Home Technology Find the oldest evidence that ancient people used fire for cooking!

Find the oldest evidence that ancient people used fire for cooking!

What distinguishes man from other animals? This is a pressing issue that some scholars believe boils down to the precise control of one earthly force: fire.

British primatologist Richard W. Wrangham is a staunch proponent of the so-called “cooking hypothesis”. Today, there are no known people who survive without cooking, indicating that this is a powerful and necessary skill.

Wrangham argues that the evolutionary transition from raw to cooked food was a “transformational moment” that fed the bellies of early humans and allowed their brains to grow, eventually leading to the evolution of our species.

A new discovery in Israel seems to make this idea clearer.

An international team of scientists working in the northern sector of the Dead Sea claims to have discovered the first signs of human cooking in prehistoric times.

At an archaeological site called Gesher Benu Yaakov, fish remains show signs of thorough heating 780,000 years ago.

This discovery is not the oldest evidence of the use of fire by ancient people, but it is the oldest evidence in Eurasia. And in Africa, Homo erectus sites dating back at least 1.5 million years contain charcoal and charred bones.

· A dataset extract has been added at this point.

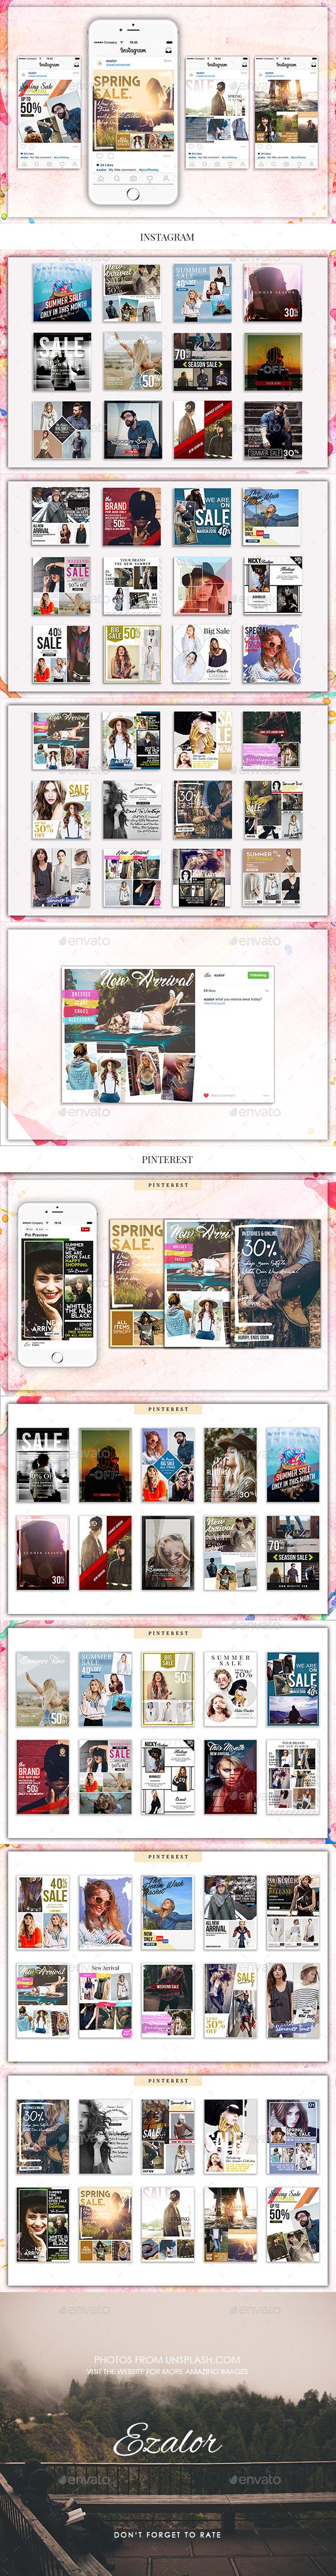 Fashion Insta and Pinterest - Social Media Web Elements

However, these are only indirect signs of burning, and not clear signs of cooking. Evidence for the latter is hard to come by.

Indeed, traces of cooking do not appear in the archaeological record until Neanderthals and Homo sapiens appeared. Until recently, the oldest evidence of cooking was the hot remains of starchy plants found in an underground oven in Africa. This place is only 170,000 years old.

And this is 600,000 years after the first people cooked fish in a valley near the Dead Sea.

“We don’t know exactly how the fish was cooked, but since there is no evidence of exposure to high temperatures, it is clear that it was not cooked directly in the fire and was not thrown into the fire as waste or waste. material,” says archaeologist Jens Nagurka of the Natural History Museum in London, “burn.”

The team’s latest analysis indicates that the teeth of ancient freshwater fish found at the site, which were caught in a nearby lake, are no longer present and have been exposed to temperatures suitable for cooking.

“Fire control results” are pushed back to the Middle Pleistocene, when groups of Homo erectus gave way to large-brained hominins like Homo heidelbergensis.

Archaeologist Naama Goren-Inbar of the Hebrew University of Jerusalem explains: “The acquisition of the skills necessary for cooking represents an important evolutionary advance, as it provides additional funds for the optimal use of available food resources. It may even be that cooking was not limited to fish, but also included species of various animals and plants.

The location of Gesher Benu Yaakov is rich in the remains of ancient hominids. Archaeologists have found traces of flint, basalt and limestone tools here, as well as fruits, nuts, seeds and many species of land mammals, both medium and large. The one who lived in this valley obviously knew this land very well. But it was their understanding of freshwater habitats that researchers say allowed these populations to truly thrive.

Perhaps this helped people leave the African continent and live elsewhere.

Scientists have argued for years that eating fish rich in omega fatty acids, zinc and other important nutrients allowed the human brain to develop so much complexity.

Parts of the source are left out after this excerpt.